College basketball coach Lou Holtz said, “Without self-discipline, success is impossible, period.” World acclaimed soccer player Pele said, “Success is no accident. It is hard work, perseverance, learning, sacrifice and most of all, love for what you are doing or learning to do.”

And it is true in your spiritual life, too. No matter how many sermons I preach, the next day, I am back in the Word, back in prayer, back into my study hoping to find deeper insight into the mind and heart of God.

Many people like to take time off from the Word. Or they may feel that a one-hour service on Sunday morning is enough. Others might reach a certain age and decide they can avoid Bible study and prayer. But that is a mistake. Yes, it does take time to study and pray. Yes, it does interrupt daily routines, but listen to Hebrews 12:11 ESV, “For the moment all discipline seems painful rather than pleasant, but later it yields the peaceful fruit of righteousness to those who have been trained by it.”
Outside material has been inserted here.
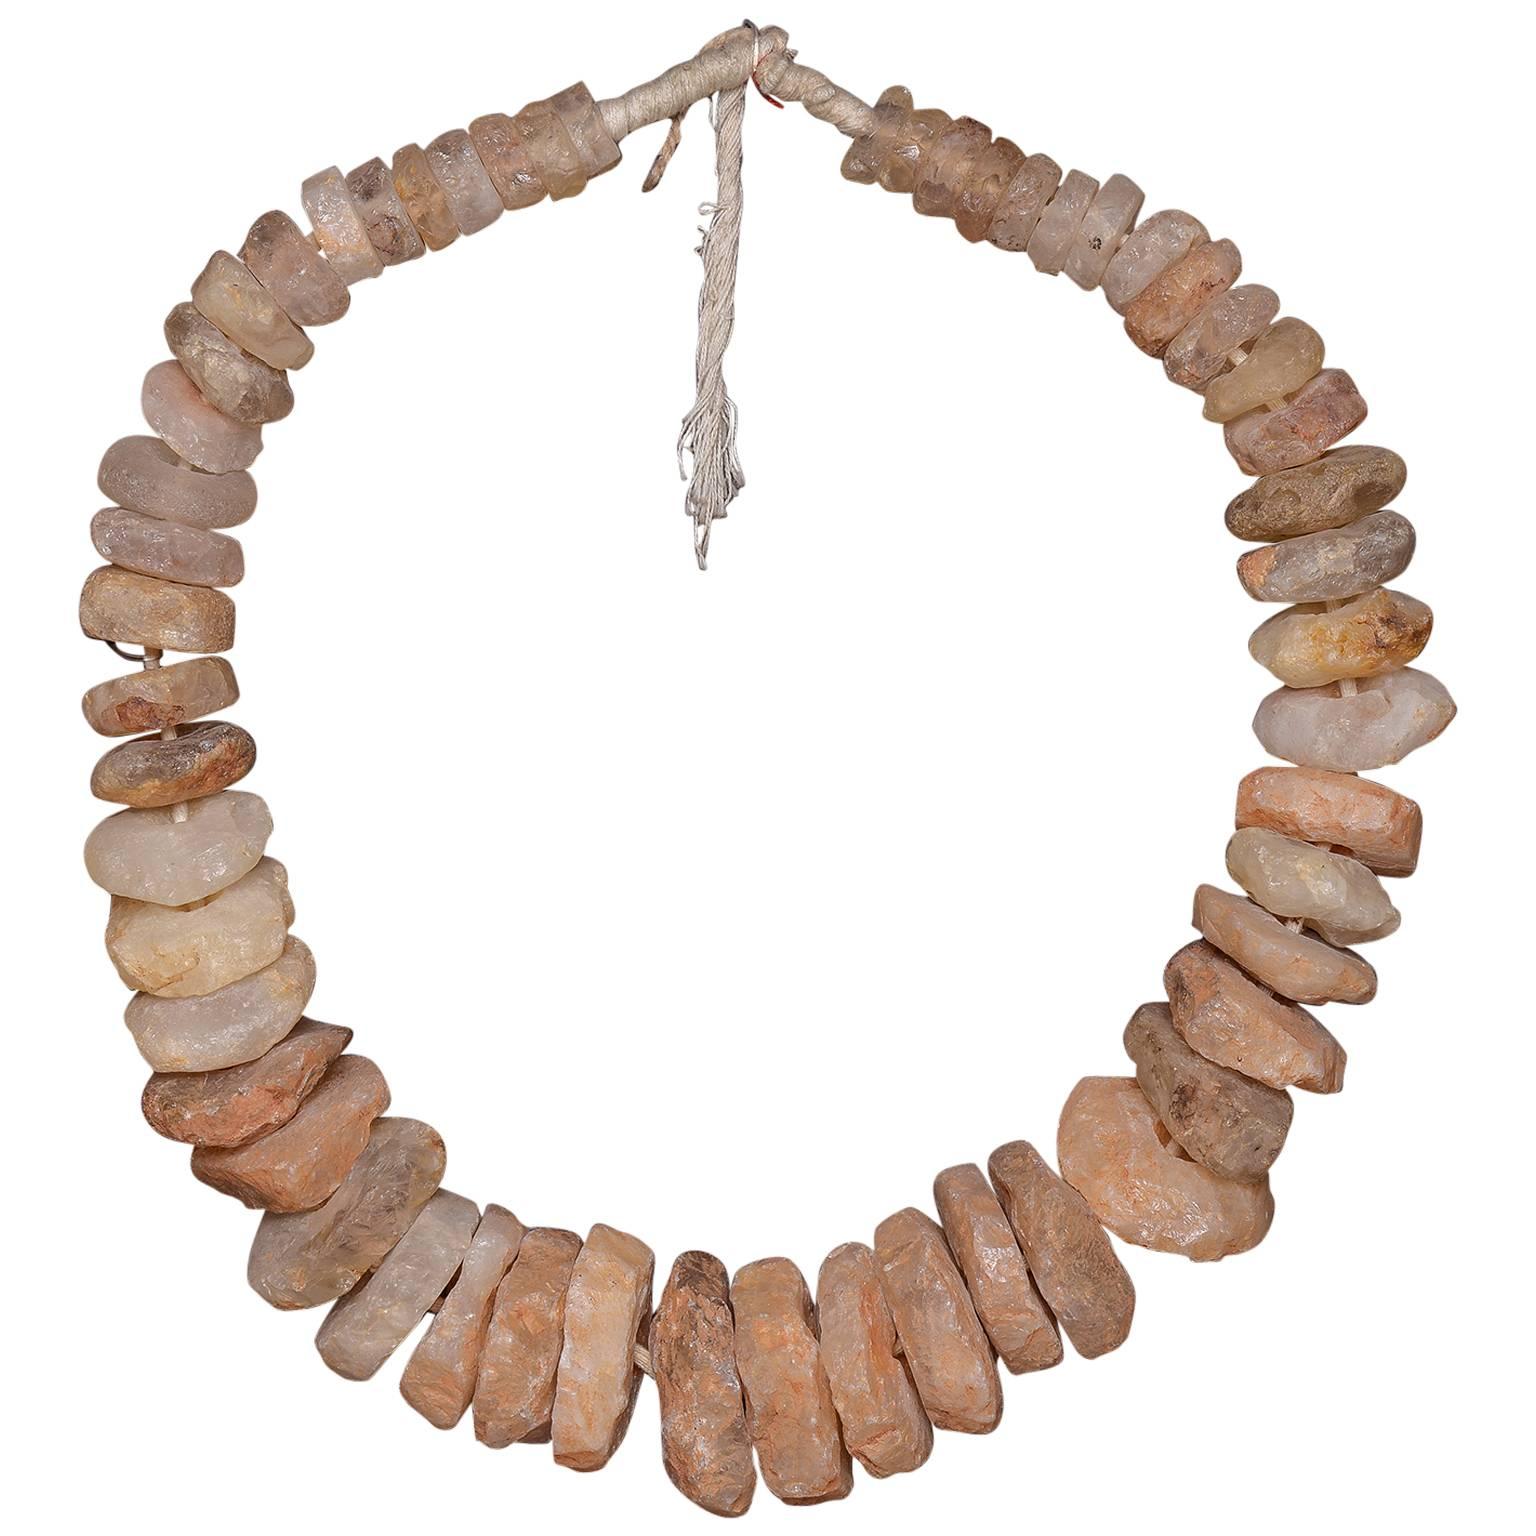  Rough Necklace as Sculpture on a Wooden Panel or More Necklaces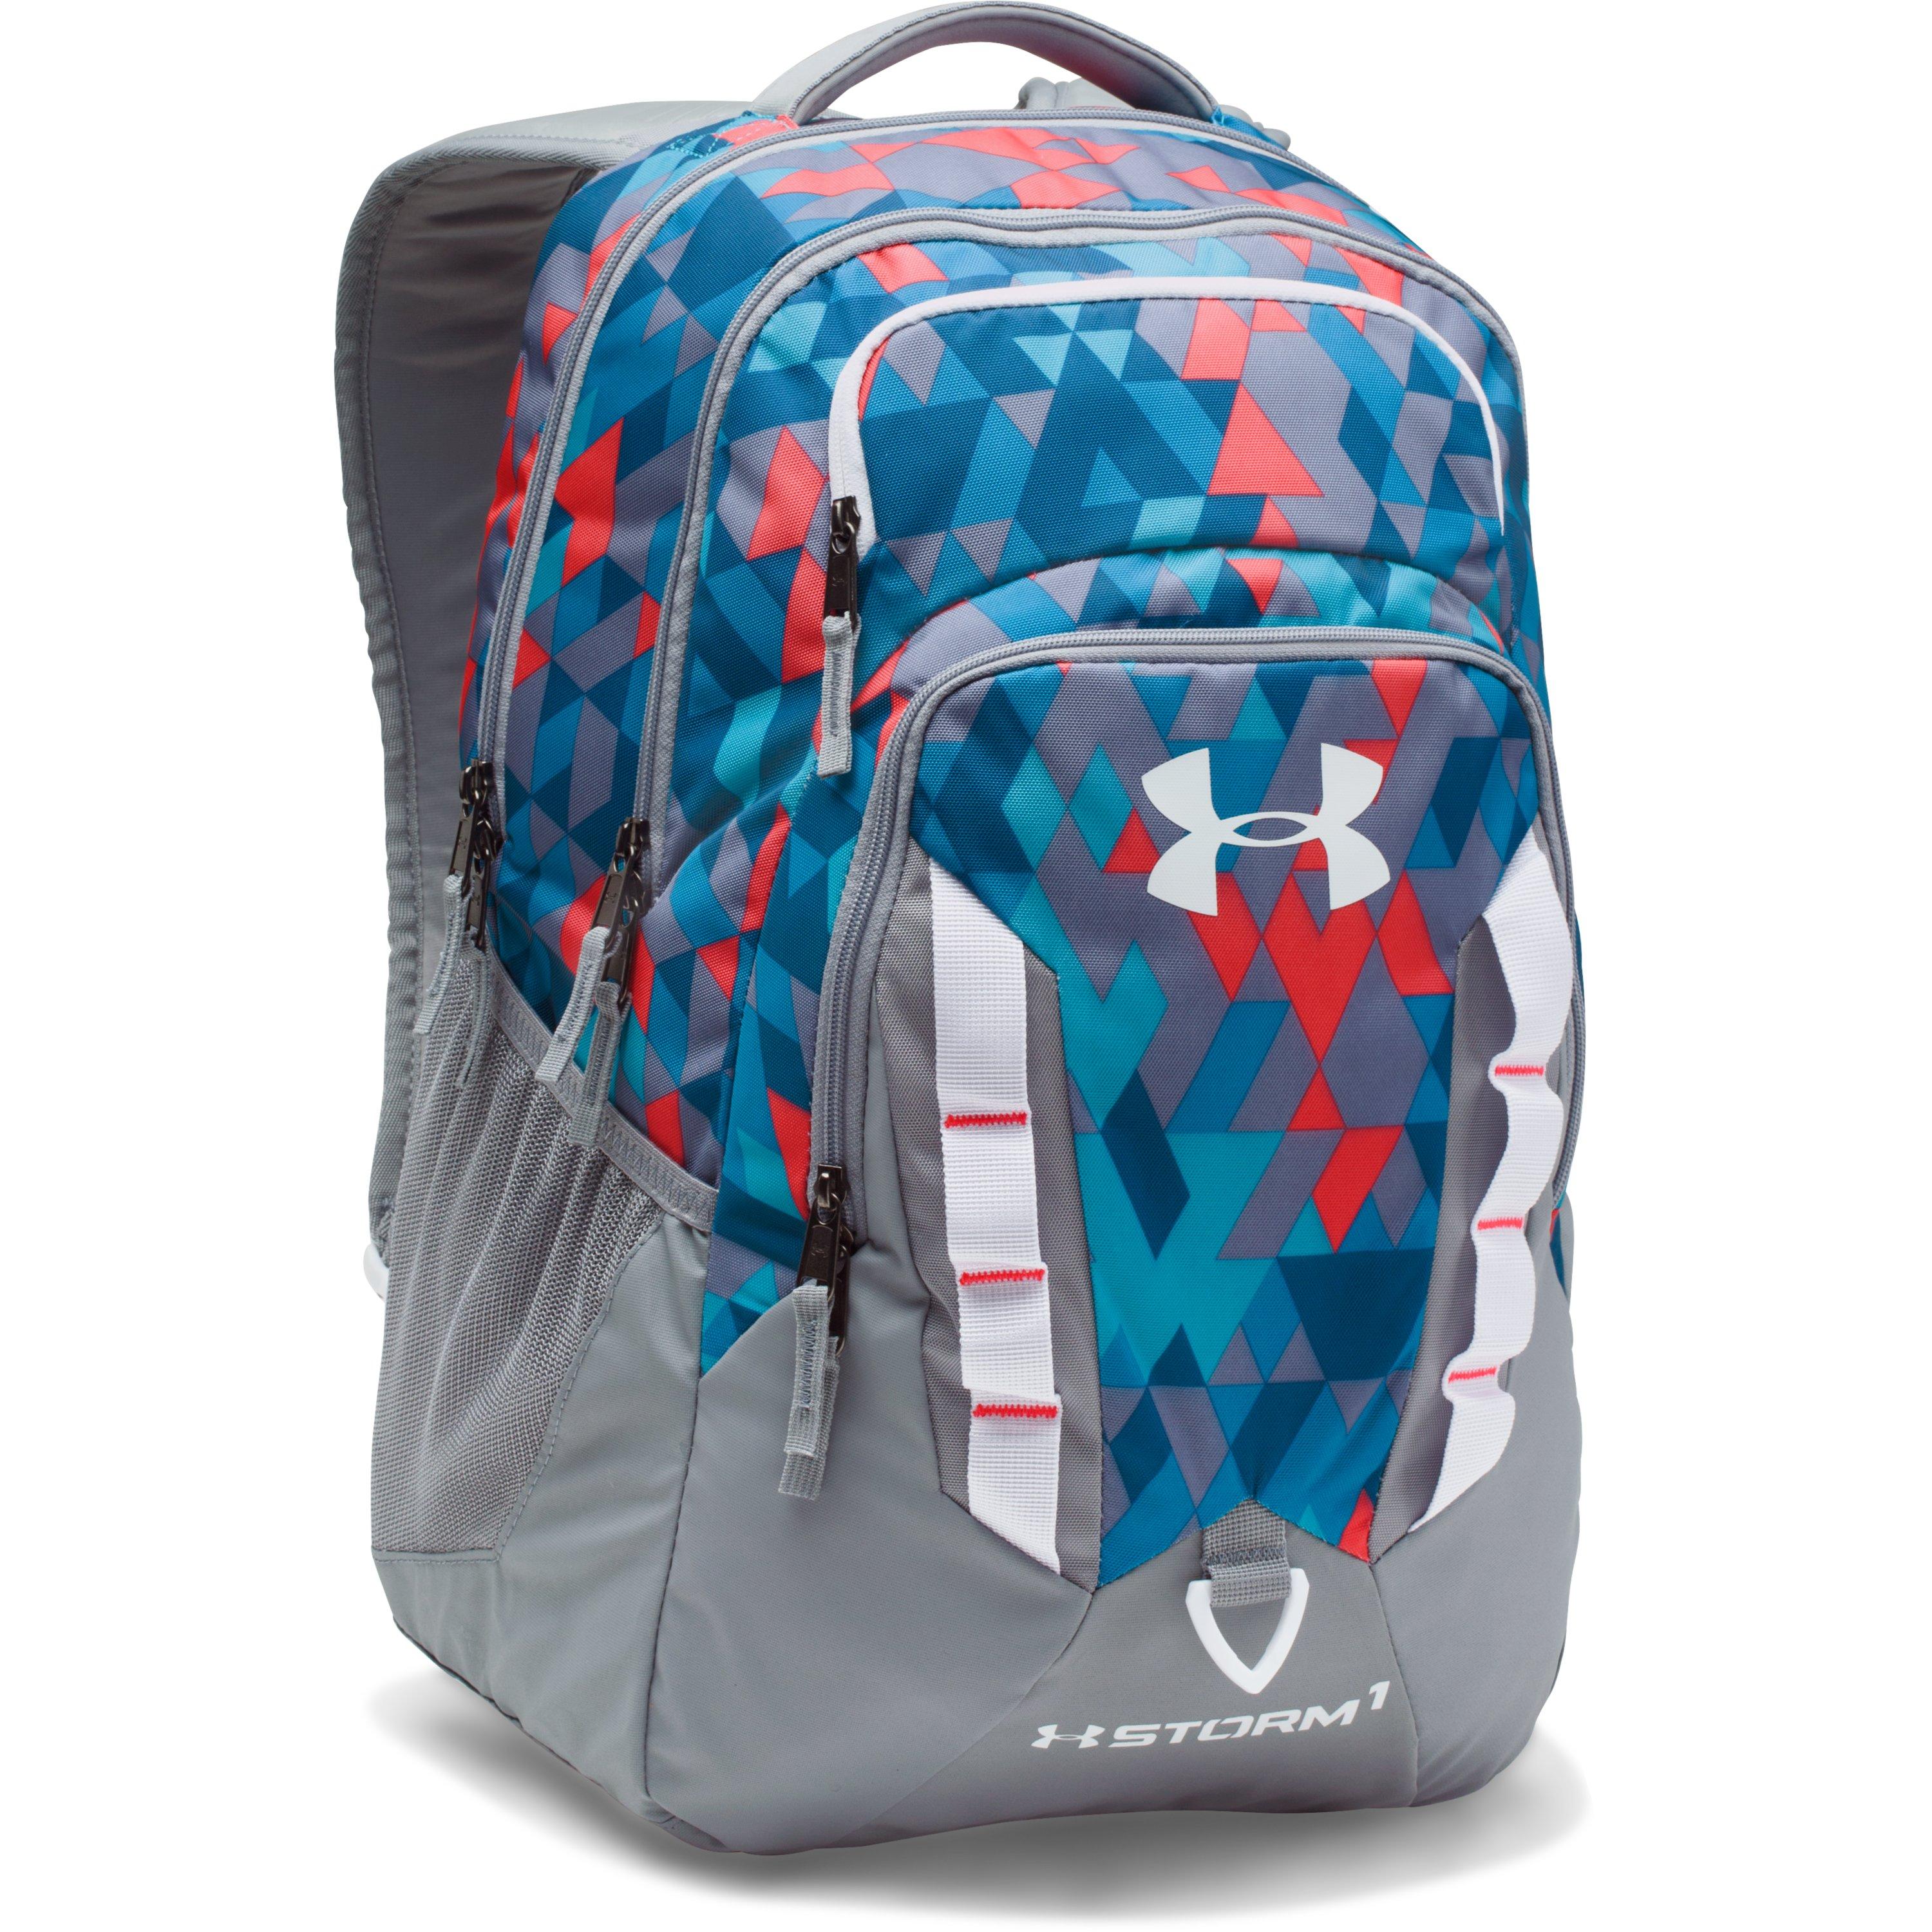 under armour storm recruit backpack blue

No matter our age or accomplishments, it is never time to stop spiritual training in the Word and prayer. In his last book, “Nearing Home,” well-known evangelist Billy Graham shares his experience as a ninety-three year old house-bound minister. Can you imagine how much Bible knowledge he would have accrued over the years? You would think that he could set the Bible aside and just enjoy his latter years. Not true!

In Chapter Ten, Billy Graham tells about inviting a local pastor to come visit him each week, and to share his scriptural insight and revelation. The modern world’s best-known evangelist, continued to train his spirit for greater knowledge.

How about you? Are you ignoring your spiritual training? I encourage you to get back into the Word in a daily pattern of prayer and Bible study. It’s good for your soul!